What about iTunes? I have a 64-bit computer, and I thought I installed 64-bit iTunes, but Process Explorer tells me it's a 32-bit app. This, even after manually downloading and running the 64-bit iTunes installer from Apple.

No idea really, but if its working - does it matter?
Leo
10-Jul-2011

Bob
July 11, 2011 4:18 AM

Don't fall for the old chestnut. Just because the wsebsite asks you what version of windows you are running, doesn't necessarily mean you are getting a version of their software specifically for that edition.
Having to download things regularly for different OS's to keep our office PC's running, I have sometimes seen that the XP, Vista and 7 installation programs are actually the same file (just got to via a different path through the menus). This can also be true for 32 / 64 bit applications.

Mary
July 12, 2011 12:30 AM

Adobe has a Beta version of 64-bit Flash codenamed "Square". More info available at this Adobe site as well as a download link.

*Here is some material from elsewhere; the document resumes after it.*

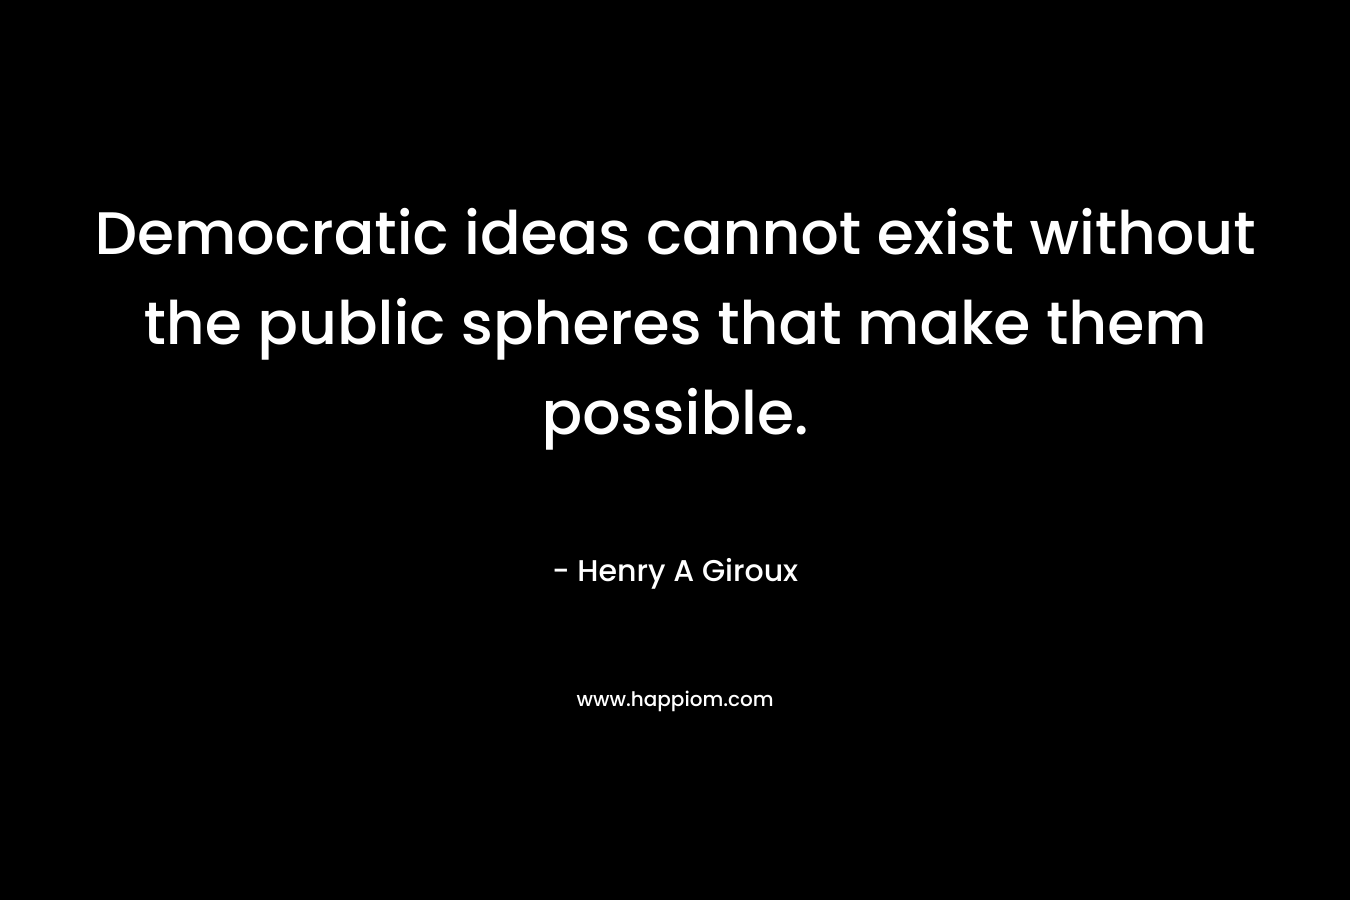 Democratic ideas cannot exist without the public spheres that make them possible. – Henry A Giroux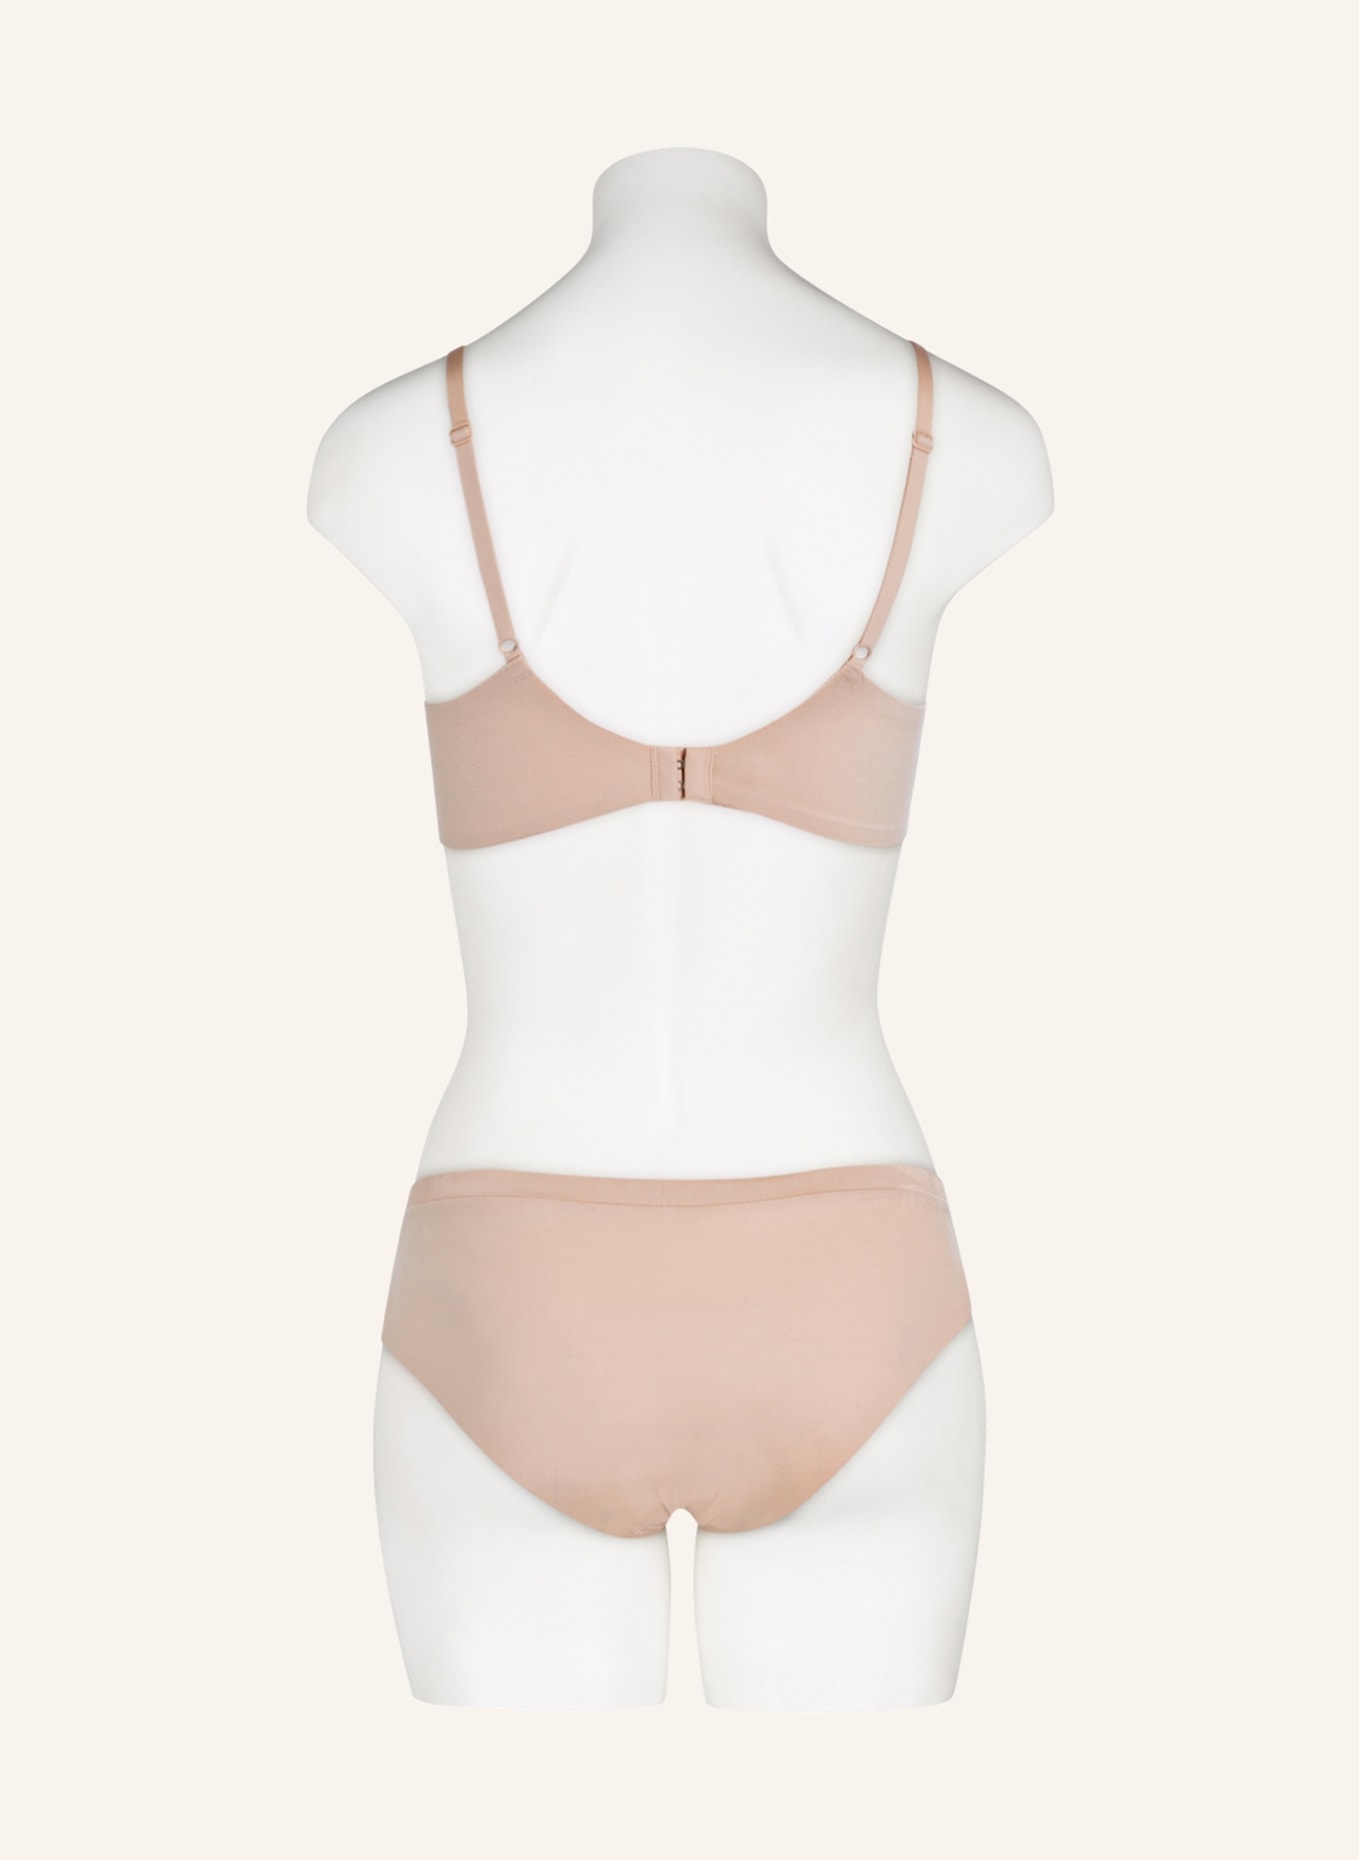 Triumph T-shirt bra BODY MAKE-UP SOFT TOUCH , Color: NUDE (Image 3)

http://kb2.adobe.com/cps/000/6b3af6c9.html

Frank
July 12, 2011 9:25 AM

I use a FF 64 bit version that is put together by Binary Turf. When you download it from their website they have a link to also download Adobe Flash Player 64 bit.
Adobe® Flash® Player Installer/Uninstaller 10.3 d162
Yes it works and the 64 bit browser is faster than FF (which is already fast).

ssst
July 12, 2011 9:44 AM

Yes i found a 64bit Beta Flash player, its on the adobe site somewhere, seems to work fine, i installed it a few months ago on a previous computer.

Bill
July 12, 2011 9:53 AM

I wonder if this is my problem. I cannot get "duty-Free Catalog" to run from Delta's website on my W7 machine. It won't run in IE9, 32 or 64, nor F'fox nor Chrome, but I fired up my XP machine and it ran perfectly. This is why I find computers so frustrating. BTW everything else on Delta's site runs perfectly under W7.

Mike
July 12, 2011 1:44 PM

Reminds me of all the hype when the 386 first came out, how it could run 32-bit apps so everyone ran out and paid extra money to replace their 16-bit 286. Except that there were no 32-bit apps to run. Finally, when the 32-bit apps started coming out, the 486 was available.

Richard
July 15, 2011 4:30 PM

I also installed the Beta version of 64-bit Flash some time ago, without any apparent problems.